Monday, May 16, 2011

Added way to prevent or reduce joint pain....

Today's Post: Monday, 5-16-2011


One of the feature stories on Yahoo a few days ago was adopted from a Prevention article.

If your joints become damaged and your body fails to repair them, that tends to cause inflammation and pain. You can improve joint pain by reducing the inflammation. But preventing the damage or repairing it too would definitely help!

The Yahoo article from Prevention said that an adequate supply of the two minerals, manganese and copper, helps your body prevent joint pain by reversing or preventing joint damage or deterioration.

They report that a doctor, ” Dale Peterson, MD” says this about supplementing these 2 minerals at the same time, ““in most cases, supplementing these nutrients reverses the joint deterioration and eliminates the pain,” & ““The body can actually repair a significant amount of damage if it’s given the proper support.””

Some foods are high in these two minerals; and you can take supplements that contain them.

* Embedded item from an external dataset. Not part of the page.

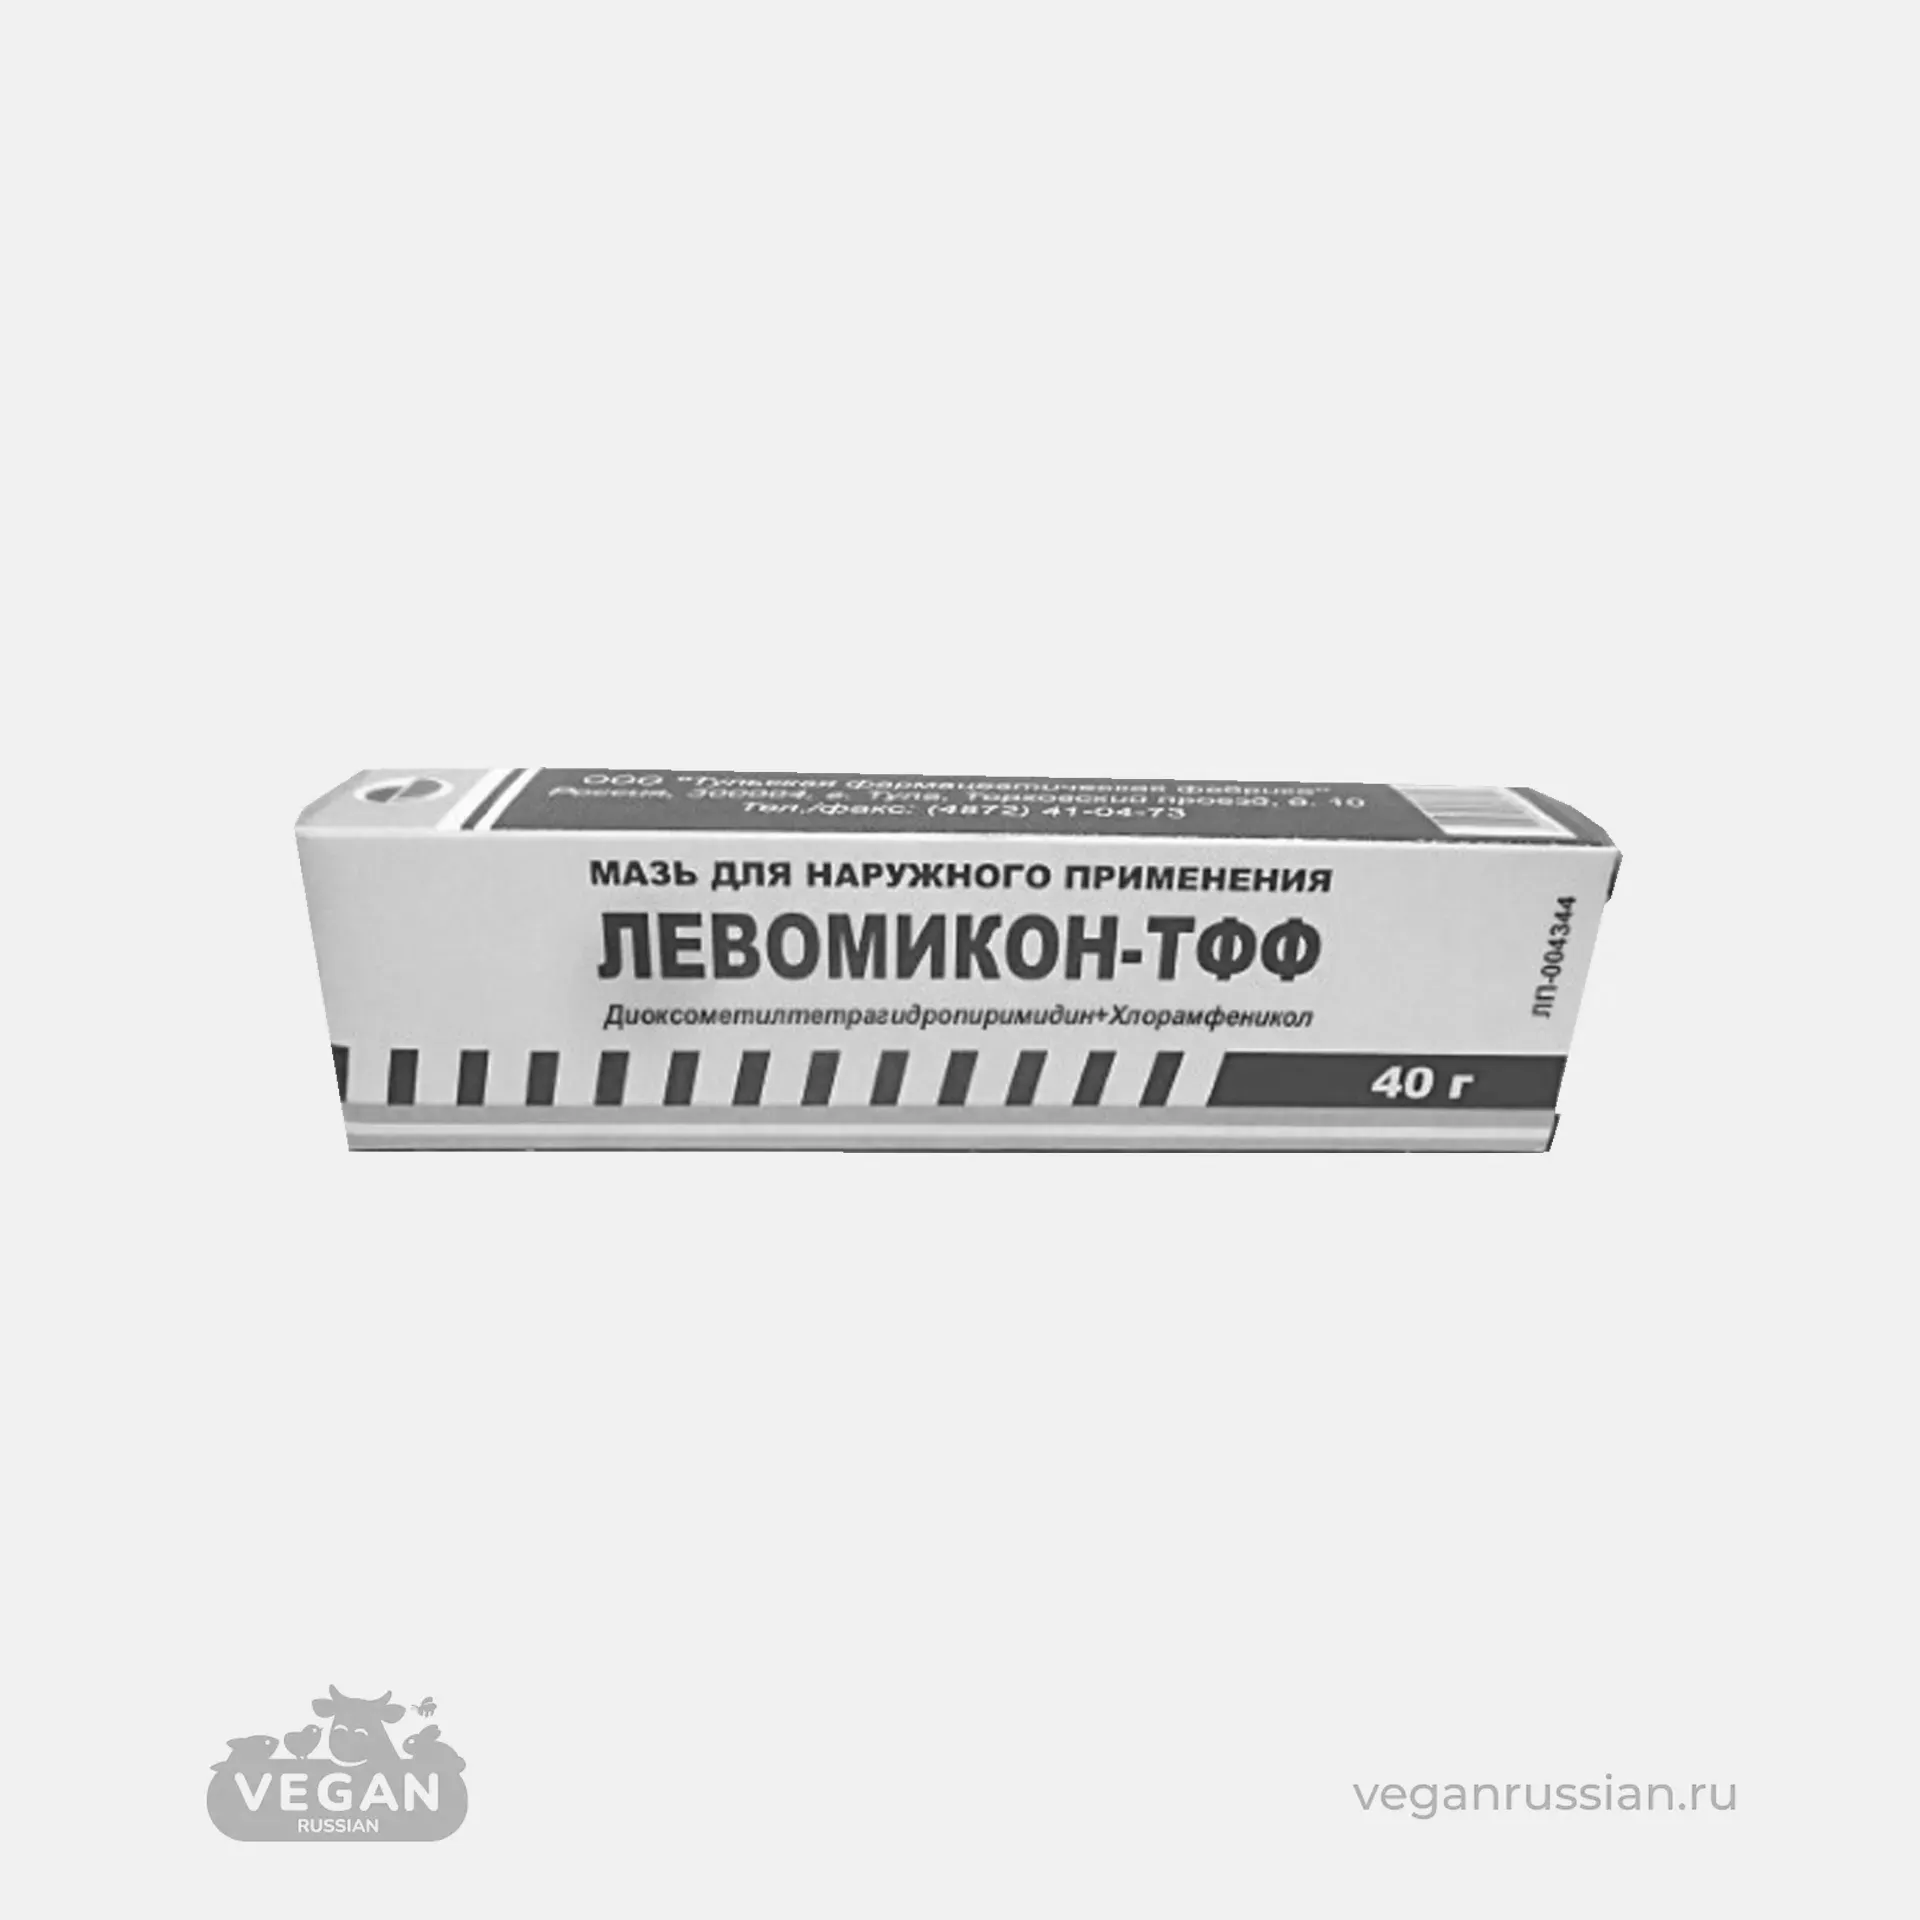 Архив: Левомикон-тфф мазь для наружного применения Тульская фармацевтическая фабрика 40 г

Dr. Peterson suggests taking 2 mg of copper and 5 mg of manganese a day. And says that “within 2 to 3 months, your joints should feel less painful.”

WholeHealthMD says that copper does help your body create collagen, "a core protein found in bones, connective tissues, and skin." (That could be why adequate copper tends to prevent aneurysms in your blood vessels.)

But there are two key things to know about supplementing with copper.

First, if you take zinc as a supplement which many do, it slightly increases your need for copper. Since I take zinc, I take a multi with one mg a day and a separate 2 mg a day copper supplement and I eat some nuts almost every day which are moderately high in copper.

Second, there a some people who do not process copper properly, so if you are in that group, you may not be able to take copper. (Wilson's disease is a genetic disorder which causes copper to accumulate in tissues; and this is particularly bad for your liver. From that description, it sounds like you’d know if you have it. If you do, taking copper or eating copper rich foods is not a good idea!)

Manganese has two functions that can help with joint damage prevention and repair. I found a reference online that said that indeed, manganese “aids in the formation of connective tissue & bones.” And, it helps form, SOD, one of the body’s strongest antioxidants, to prevent damage from oxidation.

But here again, some manganese is very important but excessive manganese can cause nerve and brain problems. The 5 mg a day of manganese this doctor recommends plus another 5 mg a day or so from food is likely OK. But 10 mg a day of manganese plus food or more may begin not to be.

I take a 10 mg manganese supplement BUT only on Monday, Weds, and Friday so I only average 4.29 mg a day plus 1 mg a day in my multi means I take an average of 5.29 mg a day once I learned that 11 mg a day might be a bit too much.

Almonds, walnuts, and pecans are good sources of all minerals including copper and manganese; and oatmeal turns out to be a decent source of manganese.

Nuts also are a good sources of the full vitamin E complex -- both tocopherols and tocotrienols. Those also are good antioxidants.

They also have a good supply of monosaturated oils. So your joints get some health OK lubrication from eating nuts.

(If you are allergic to nuts, there are other ways to get minerals and extra virgin olive oil also has monosaturated oil.)

This seems to work for me since I’ve been taking these two minerals for several years and found that on the RealAge website, I have far less joint pain than average for people my age.

It certainly sounds to be worth trying if you have joint pain!